Le SECO prévoit une croissance économique à peine moins vigoureuse

L'économie suisse profite toujours d'une dynamique favorable, malgré un rythme à peine moins soutenu que prévu. Plus optimiste que Credit Suisse, le Secrétariat d'Etat à l'économie (SECO) anticipe désormais des taux de croissance de 2% cette année et de 2,6% en 2015.

Ces taux de croissance du produit intérieur brut (PIB) sont à comparer aux 2,2% et 2,7% annoncés en mars par le SECO. Pour le groupe d'experts de la Confédération, mandaté par ce dernier, l'économie helvétique conservent intactes ses perspectives de développement, selon un document publié mardi.

Le SECO met en exergue deux tendances qui continuent à dominer le contexte général en Suisse: une dynamique interne vigoureuse accompagnée d'un développement timide des exportations.

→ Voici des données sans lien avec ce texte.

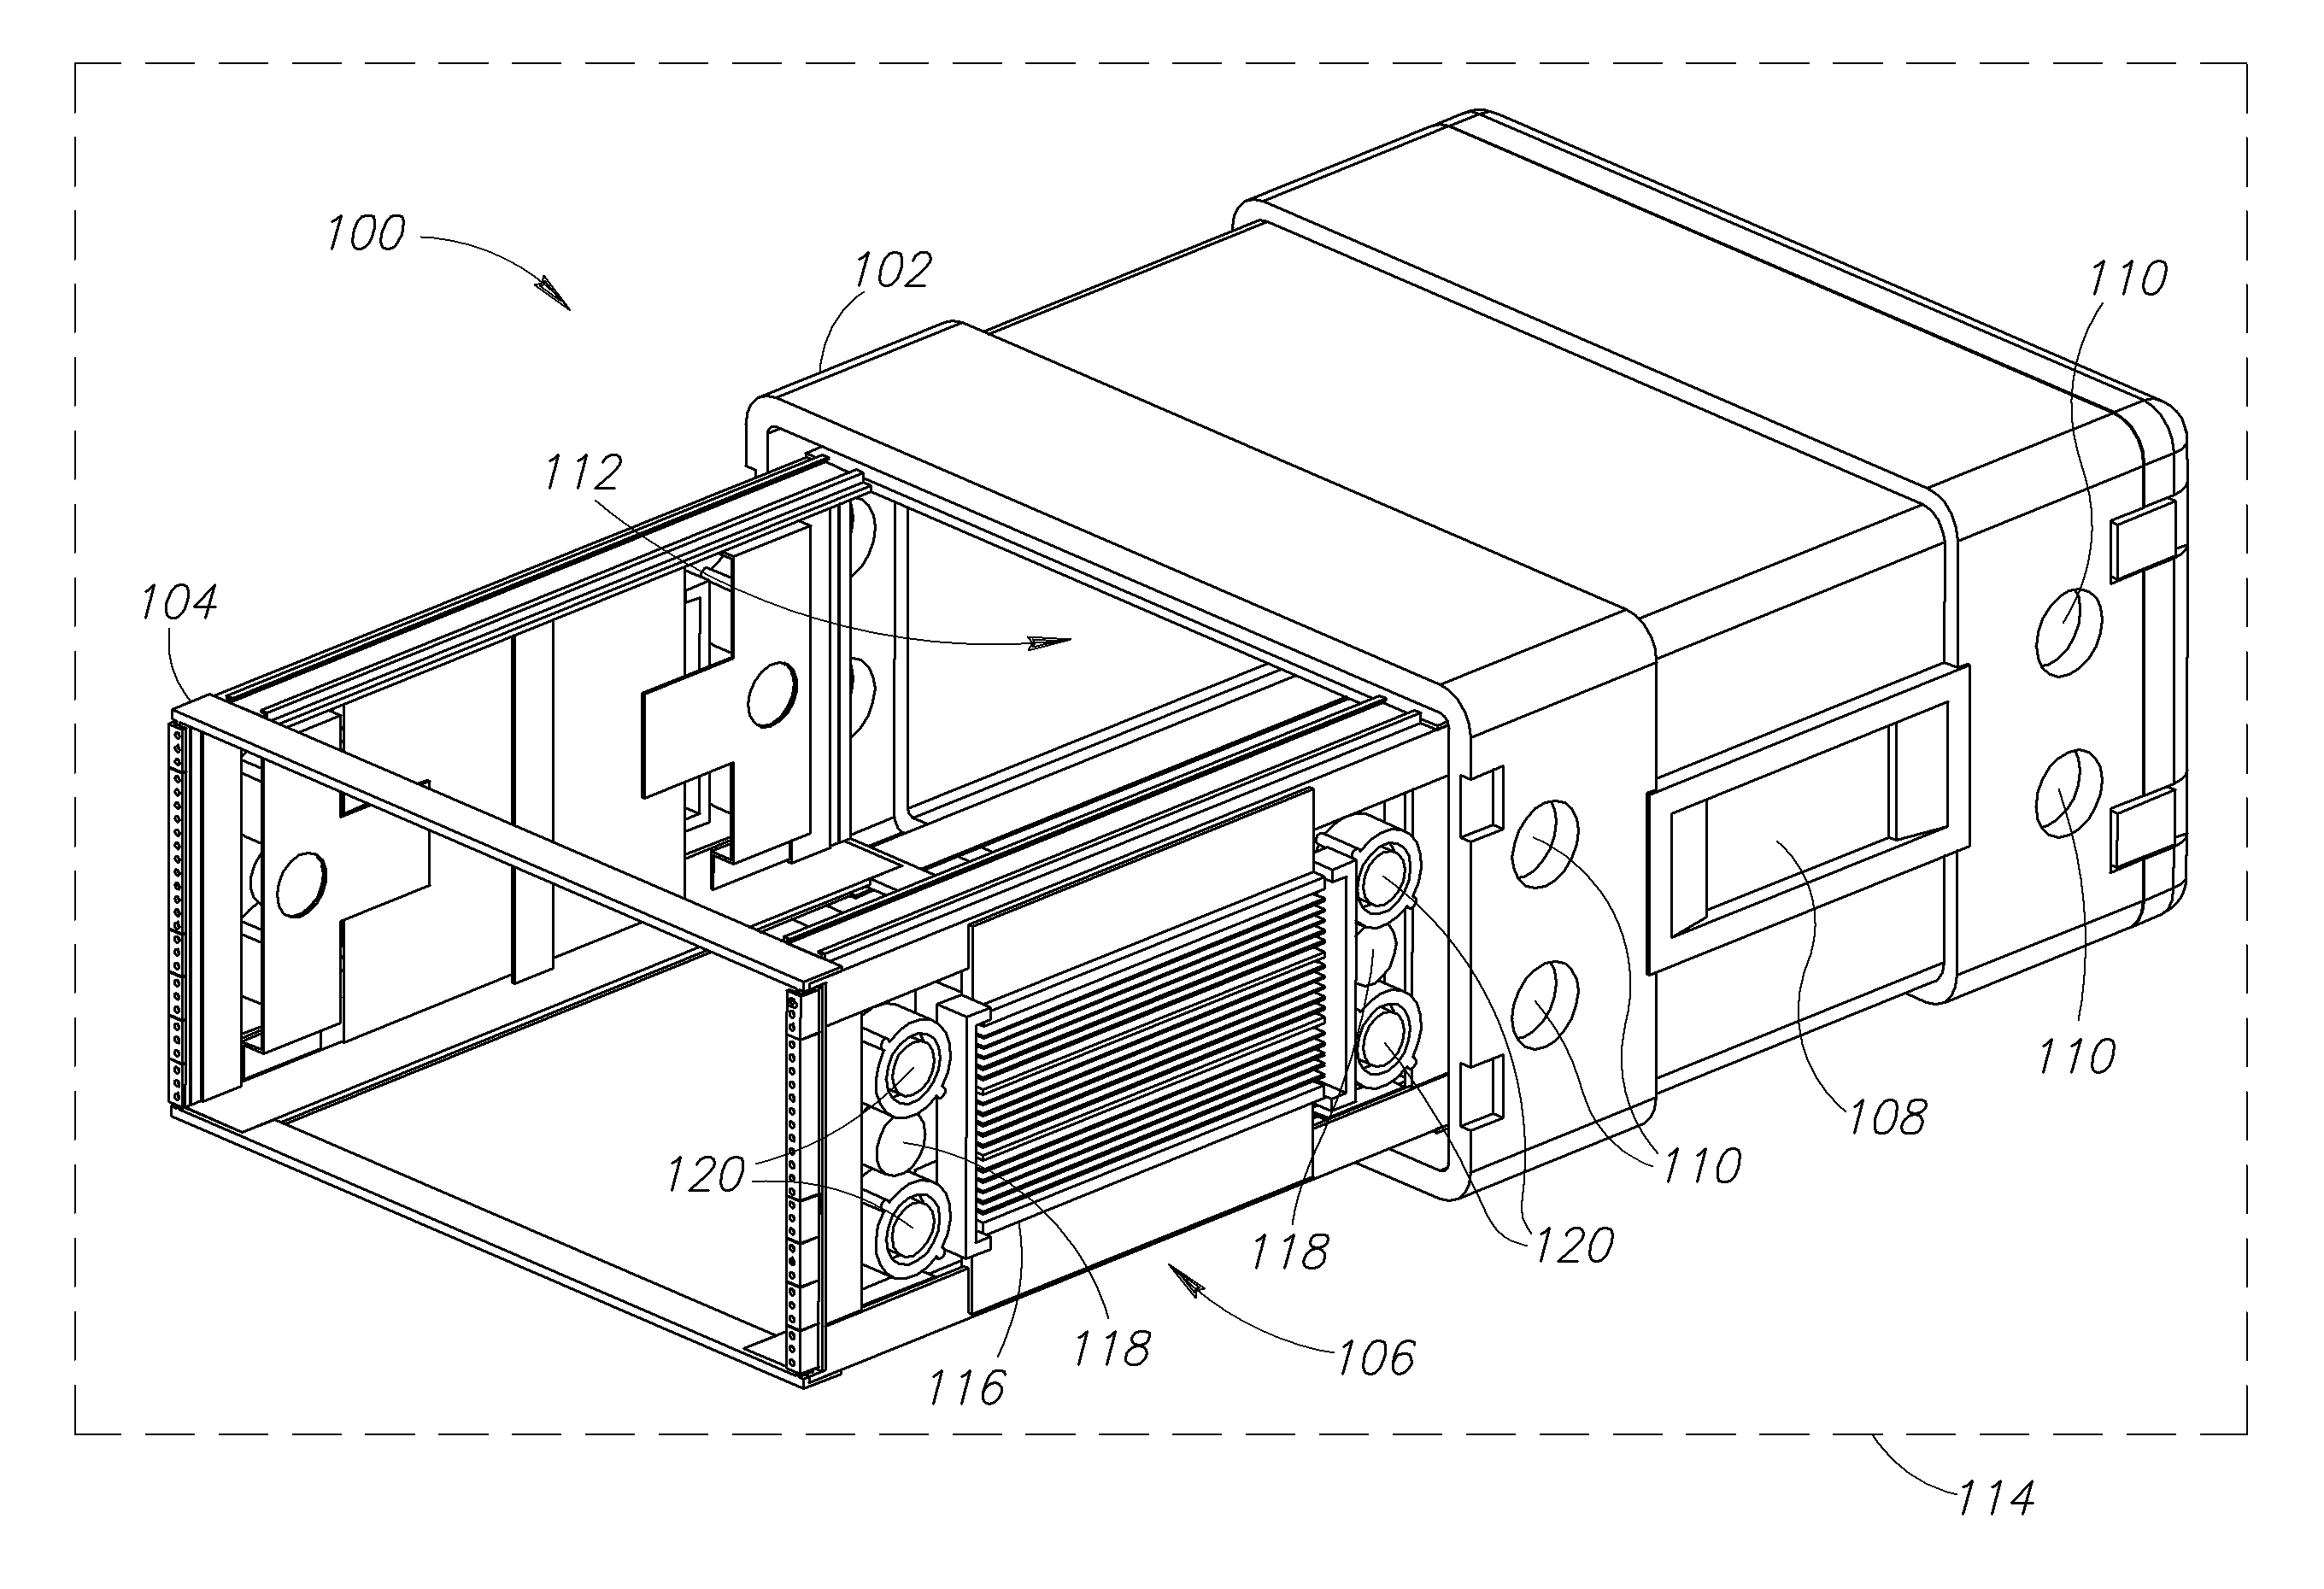 Cooling system for rack-mounted electronics equipment

En ce qui concerne le second facteur, le groupe d'experts déplore l'essor limité des exportations, qui en fait tendent à stagner depuis 2011. Credit Suisse, qui a aussi divulgué ses prévisions conjoncturelles mardi, se montre plus optimiste concernant l'export en le mentionnant comme source de croissance ces prochains mois.

Credit Suisse moins optimiste

Reste que la deuxième banque helvétique fait preuve de davantage de prudence dans ses attentes. Elle prévoit certes des taux de croissance inchangés pour 2014 et 2015 par rapport à ses précédentes anticipations, mais apparaît moins optimiste tout de même que le SECO (avec respectivement +2% et +1,8%).

Premier partenaire commercial de la Suisse, la zone euro se trouve dans une forme mitigée, déplore le SECO. Elle devrait connaître une croissance de 1% cette année et de 1,5% en 2015. L'Allemagne et l'Europe du Nord réaliseront une meilleure performance, alors que la France et le sud du continent seront moins dynamiques.

Les exportations suisses devraient malgré tout se renforcer progressivement, même si une inversion claire se fait attendre, regrette le groupe d'experts. Ces trois dernières années, seules la pharma-chimie et l'horlogerie, première et troisième forces exportatrices, ont véritablement tiré leur épingle du jeu.